The structure of this paper is organized as follows: Section 2 describes the battery specifications and experimental conditions, including the use of Samsung Galaxy S9+ battery (Samsung Electronics Co., Ltd., Suwon, Republic of Korea) data to estimate battery status. The experimental conditions for the 18650 and coin cells are also discussed. Section 3 focuses on the DRT method, explaining how EIS data is deconvoluted and how individual peaks in the DRT plots are obtained. An analysis of DRT plots for the 18650 and two coin cells up to their EoL is examined. Section 4 extracts the DRT parameters and analyzes critical parameters for battery aging. It then compares the results of all cells based on the τ ratio and presents a fitted polynomial curve to determine the battery status without relying on historical data. Section 5 summarizes the findings and explores future research directions.

2. Battery Specifications and Experimental Conditions

The aging test included LIBs sourced from the Samsung Galaxy S9+ smartphone and subjected to 1000 charge–discharge cycles at 25 °C. Capacity and impedance spectra were recorded every 20 cycles using HYSCLAB environmental chambers (HYSC Co., Ltd., Seoul, Republic of Korea) and WonATech WBCS3000 M2 (WonATech Co., Ltd., Seoul, Republic of Korea) and ZIVE MP2A equipment (WonATech Co., Ltd., Seoul, Republic of Korea). The EIS measurements for the Galaxy S9+ batteries were performed using a 100 mV perturbation in the frequency range of 0.1–4 kHz. The battery specifications are detailed in

Table 1. Specification of Samsung Galaxy battery.

Property	Value
Chemistry	LiNiCoAlO2/graphite
Type	Samsung Galaxy S9+
Capacity. max	3500 mAh
Nominal voltage	3.85 V

, and the aging test conditions are shown in Figure 1. A cylindrical 18650 LIB with a nominal capacity of 2500 mAh and a nominal voltage of 3.7 V was used. The battery was cycled at a constant temperature of 25 °C. Charge–discharge cycles were used with a constant current of 0.5C for both charging and discharging, with a one-hour rest period after each cycle. EIS measurements were conducted every 5 cycles using a 60 mV perturbation in the frequency range of 0.1 Hz to 1 kHz while maintaining the SOC at 100%. The data covered 1035 cycles, continuing until the battery reached its EoL.
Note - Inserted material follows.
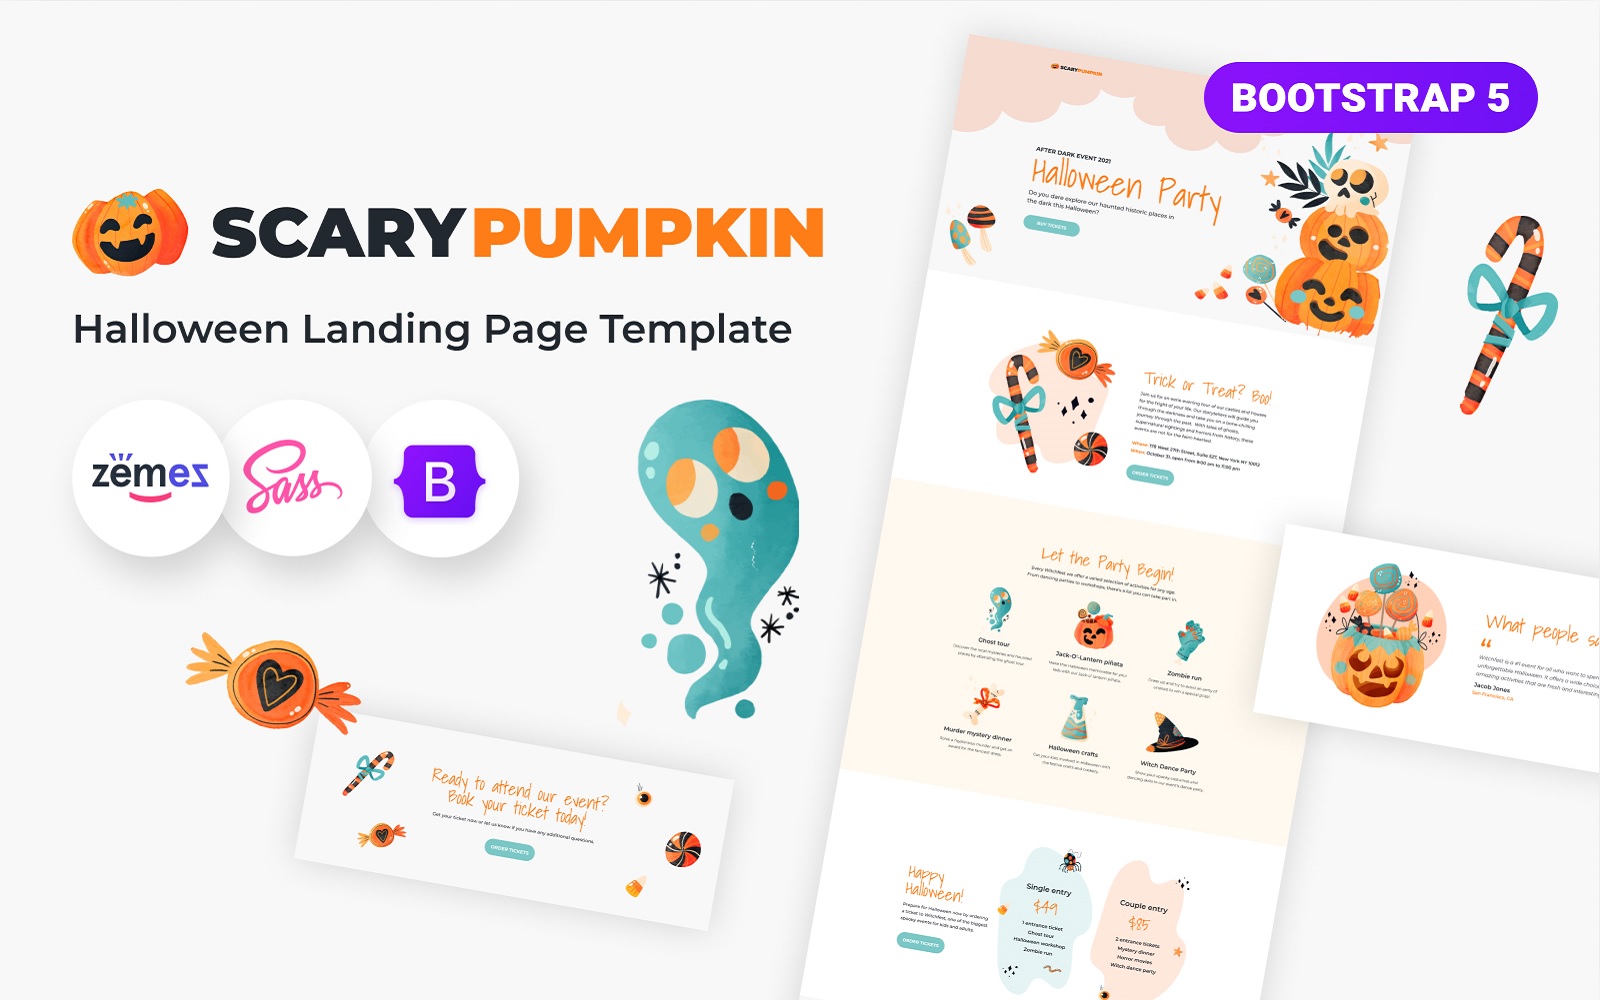 Scarypumpkin - Halloween Landing Page Template

The data used in this study was obtained from experiments conducted at the Cavendish Laboratory, the University of Cambridge, Cambridge, CB3 0HE, the UK [35], on 45 mAh Eunicell LR2032 Li-ion (Eunicell International Co., Ltd., Shenzhen, China) coin cells with LiCoO₂/graphite chemistry. A commercially available 45 mAh Eunicell LR2032 Li-ion coin cell was cycled at a constant temperature of 25 °C. Each cycle consisted of a 1 C rate charge up to 4.2 V and a 2 C rate discharge down to 3 V.

Data from three cells, including one 18650 cell and two coin cells, is analyzed up to the end of their operational lives. Additionally, data from a Samsung Galaxy S9+ battery is used to determine its status, as this battery was not cycled to its EoL. The analysis of the Galaxy S9+ battery provides an opportunity to validate the method for assessing battery health without requiring full lifecycle data.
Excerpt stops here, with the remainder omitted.